Some texts on Ayurveda mention Nagnajit as an authority on medicine:

- Bhela Samhita describes Nagnajit as a saintly king (rajarshi) of Gandhara, who asks Punarvasu about the effects of poison.
- Vagbhata's Ashtanga-hrdaya refers to Nagnajit and other authorities on Ayurveda in connection with the effects of poison.
- Indu's commentary on Ashtanga-sangraha calls Nagnajit Daruvahin, and refers to his opinion on the effects of poison.
- Kashyapa-samhita mentions Daruvaha, describing him as a rajarshi, and refers to his opinions on the causes of diseases. Some scholars, such as Hemaraja Sharma, believe that Daruvaha or Daruvahin was another name of Nagnajit, as suggested by Indu.
- A commentary on Ashtanga-hrdaya cites Nagnajit's opinion on food, blood, and flesh.
- A manuscript of Hemadri's Lakshana-prakasha, dated to 1525 VS, cites Vinagnajit as an authority on Ayurveda; according to Shastri, "Vinagnajit" may be a typo for "Nagnajit".

== Historicity ==

J.C. Ghosh (1939) theorizes that the Nagnajit referred to in various texts was a single person. According to Ghosh, he was a Vedic period king who was also an exponent of the Gandhara school of art. Ghosh identifies Nagnajit's instructors Parvata and Narada as the sages associated with the Rigveda hymns 8.12 and 8.13.

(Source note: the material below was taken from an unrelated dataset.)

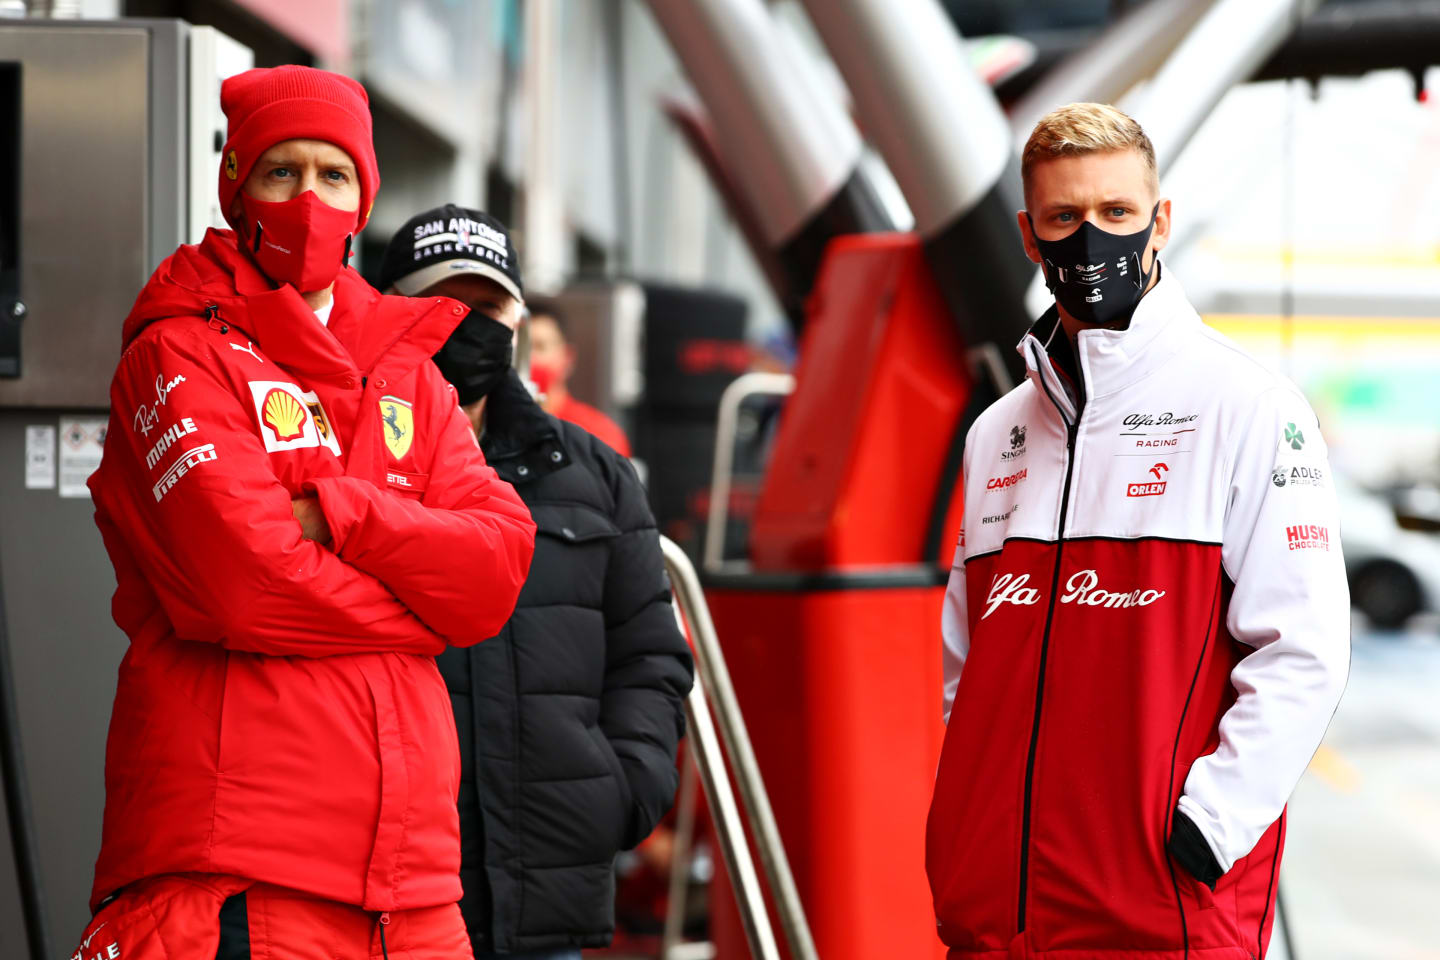 NUERBURG, GERMANY - OCTOBER 09: Sebastian Vettel of Germany and Ferrari and Mick Schumacher of

Gustav Roth theorizes that Nagnajit was a king of Gandhara, an authority on shilpa shastra (arts and crafts), and possibly a wrestling champion as suggested by his name (Roth interprets the Sanskrit name nagna-jit as "an athlete beating a naked opponent").

Ajay Mitra Shastri (1991) disputes Ghosh's theory on various grounds. For example, different texts name different sons and teachers of Nagnajit. Also, Varahamihira's Brhat Samhita does not describe him as a king, and suggests that Nagnajit was associated with the Dravida (South Indian) school of sculpture, not Gandhara school of art.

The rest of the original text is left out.